Phenotypes and personalized medicine in the acute respiratory distress syndrome

Abstract

Although the acute respiratory distress syndrome (ARDS) is well defined by the development of acute hypoxemia, bilateral infiltrates and non-cardiogenic pulmonary edema, ARDS is heterogeneous in terms of clinical risk factors, physiology of lung injury, microbiology, and biology, potentially explaining why pharmacologic therapies have been mostly unsuccessful in treating ARDS. Identifying phenotypes of ARDS and integrating this information into patient selection for clinical trials may increase the chance for efficacy with new treatments. In this review, we focus on classifying ARDS by the associated clinical disorders, physiological data, and radiographic imaging. We consider biologic phenotypes, including plasma protein biomarkers, gene expression, and common causative microbiologic pathogens. We will also discuss the issue of focusing clinical trials on the patient's phase of lung injury, including prevention, administration of therapy during early acute lung injury, and treatment of established ARDS. A more in depth understanding of the interplay of these variables in ARDS should provide more success in designing and conducting clinical trials and achieving the goal of personalized medicine.

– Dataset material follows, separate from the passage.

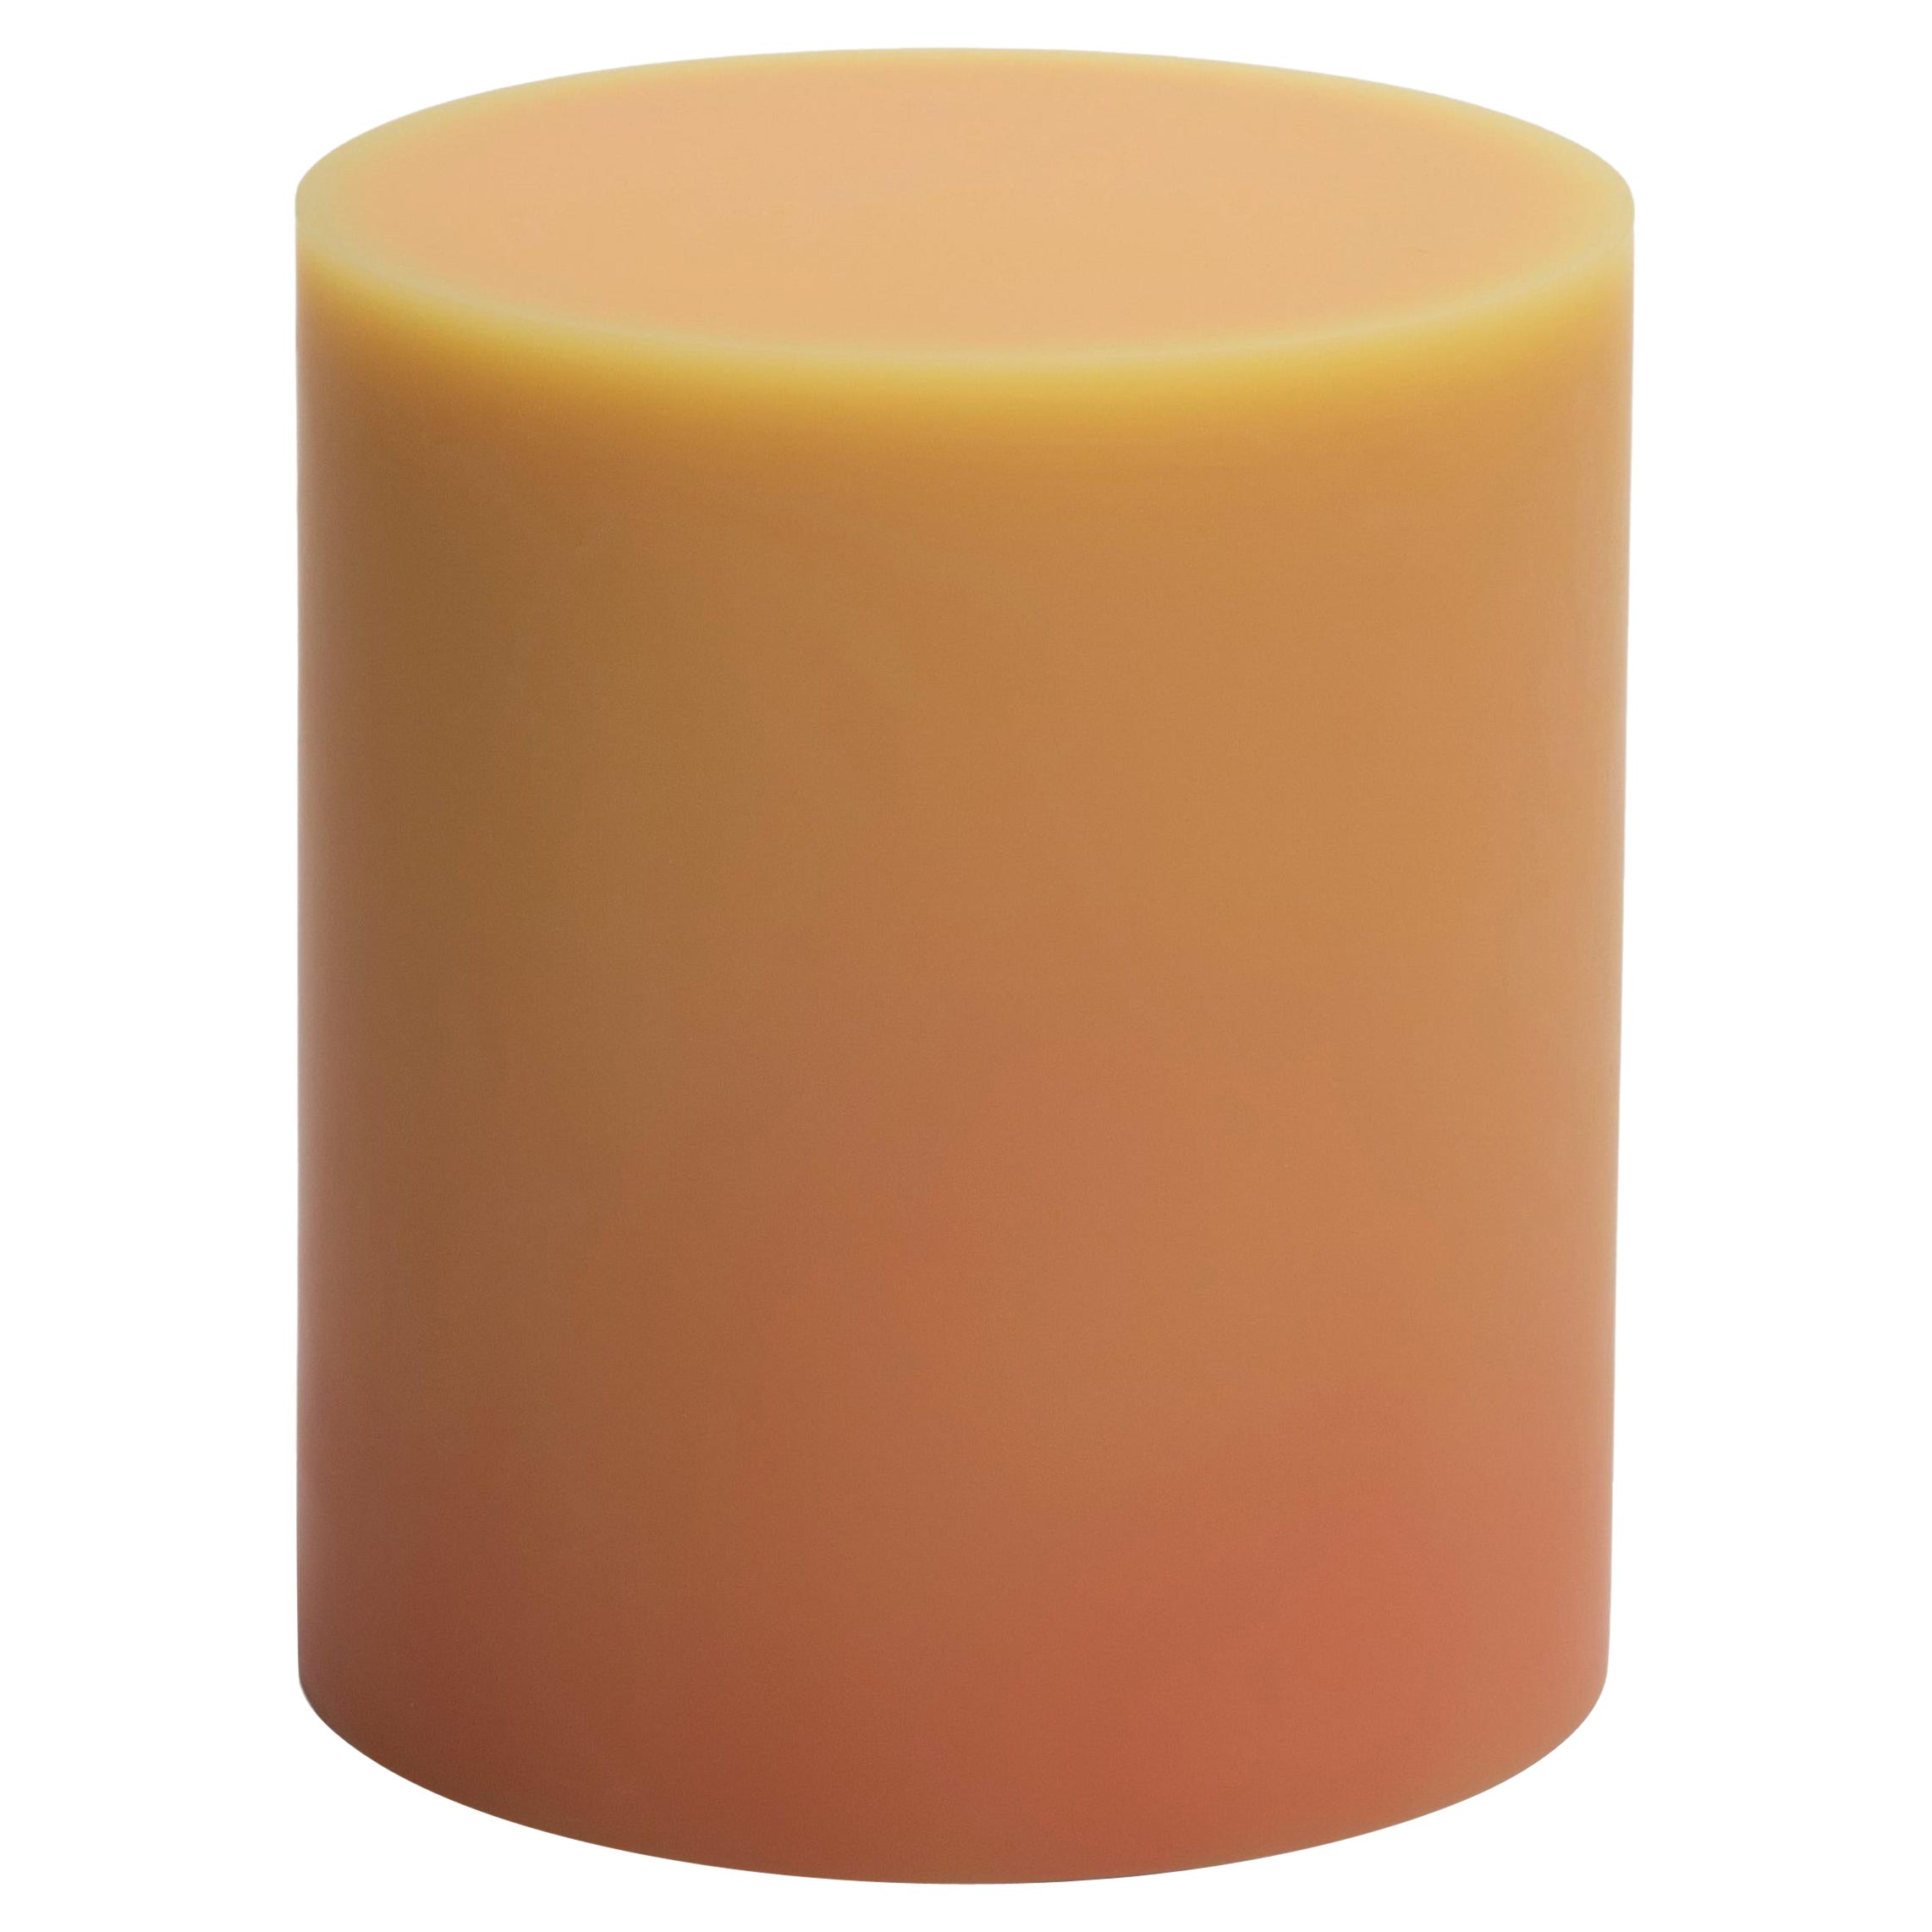 Tabouret/table d'appoint en résine droite orange/jaune par Facture, REP par Tuleste Factory
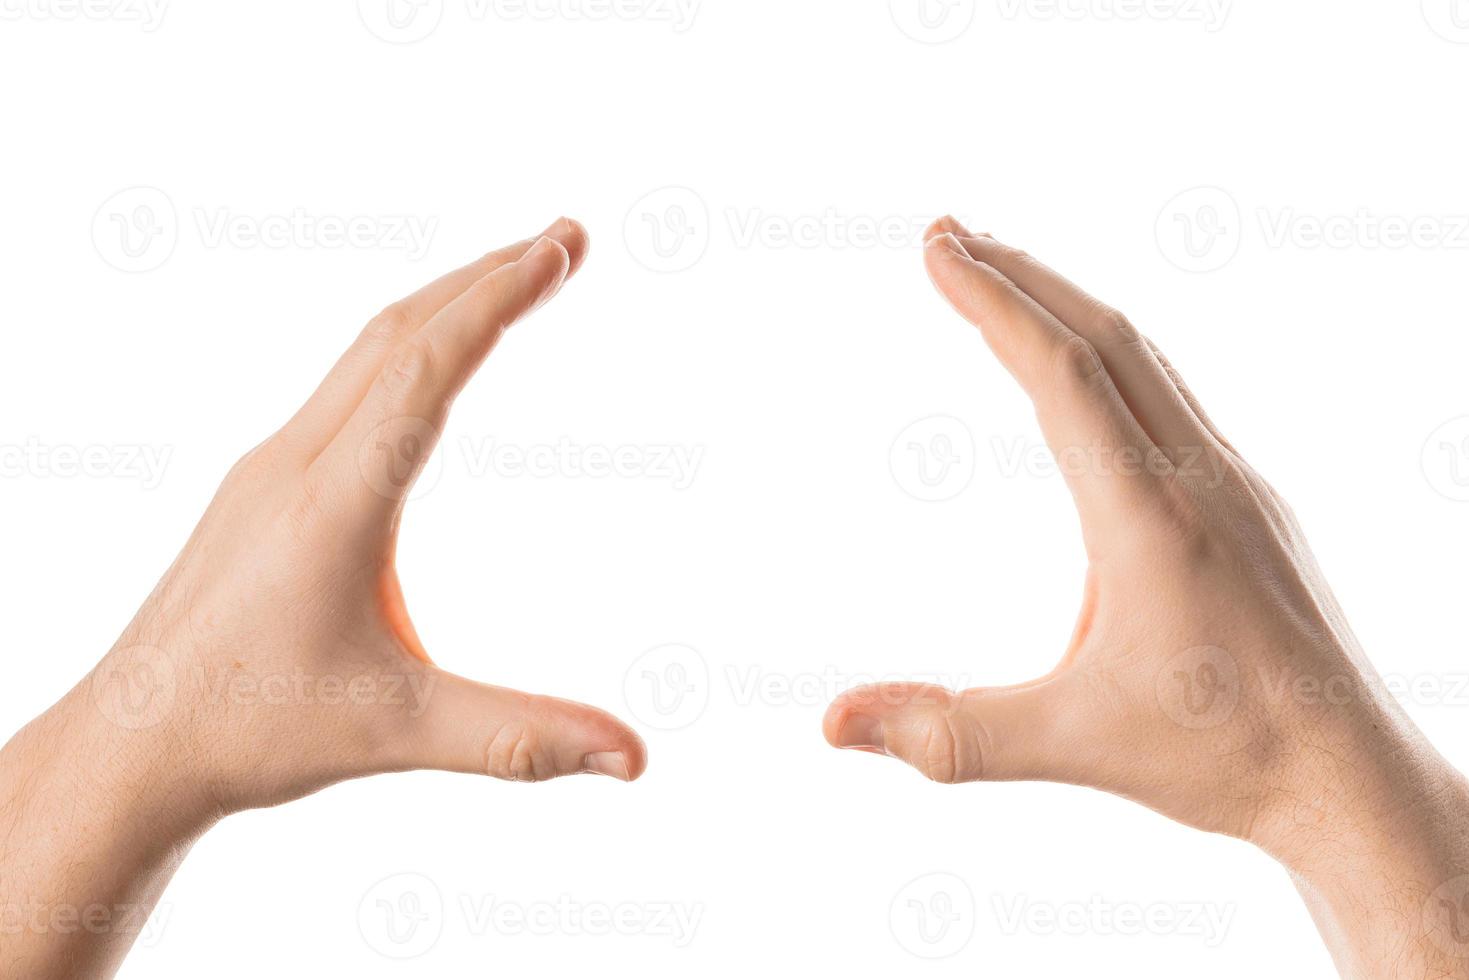 homme main tenir, saisir ou attraper un objet, geste de la main. isolé sur fond blanc. photo

Keywords: Acute lung injury; Acute respiratory distress syndrome; COVID-19; Phenotype; Precision medicine; Pulmonary edema; Sepsis.

Fig. 1

Some recognized etiologies of ARDS. Circle size represents approximate relative frequency, although we do not have enough information regarding frequency for this figure to be an accurate estimate for COVID-19 viral pneumonia. Clinical disorders associated with ARDS include drug-induced ARDS and ARDS following major surgical procedures such as cardiopulmonary bypass

Fig. 2

Kaplan–Meier survival curve censored at day 28 in HARP-2 stratified by phenotypes assigned using a 3-variable ancillary parsimonious model (interleukin-6, soluble tumour necrosis factor receptor-1, and vasopressor-use) and treatment (simvastatin or placebo). The variables selected in the parsimonious model were dictated by the availability of data. This figure was previously published in Lancet Respir Med [85]. Published with permission

Fig. 3

Differences in peripheral leukocyte gene expression have been used to identify ARDS subphenotypes. The plasma and alveoli represent distinct compartments, as direct comparison of peripheral monocytes and alveolar macrophages has also shown profound differences in gene expression

Fig. 4

Timeline of recent therapies investigated in clinical trials for lung injury prevention, early acute lung injury, and ARDS. The role of Acetaminophen and Vitamin C will be studied in the future. A phase 2b trial reported that the use of aspirin did not reduce the risk of ARDS. A phase 3 trial showed no mortality benefit of early vitamin D3 supplementation among critically ill, vitamin D-deficient patients. An ongoing phase 3 clinical trial is testing the impact of a restrictive fluids strategy (early vasopressors followed by rescue fluids) as compared to a liberal fluid strategy (early fluids followed by rescue vasopressors) in patients with sepsis-induced hypotension on 28-day mortality. High-flow nasal oxygen reduced the rate of intubation and reduced mortality in acutely hypoxemic patients. A phase 2a randomized trial demonstrated the safety and feasibility of early administration of a combination of an inhaled corticosteroid and beta agonist in patients at high risk of ARDS, and there is a larger phase 2b trial ongoing. In a clinical trial of 1006 patients with PaO₂/FiO₂ < 150 mm Hg and PEEP ≥ 8 cm of H₂O, neuromuscular blockade did not result in a significant difference in 90-day mortality. A phase 2b trial of 167 patients showed that high dose Vitamin C in sepsis-induced ARDS was associated with a significant reduction in SOFA score and 28-day mortality, as well as an increase in ICU-free days and hospital-free days.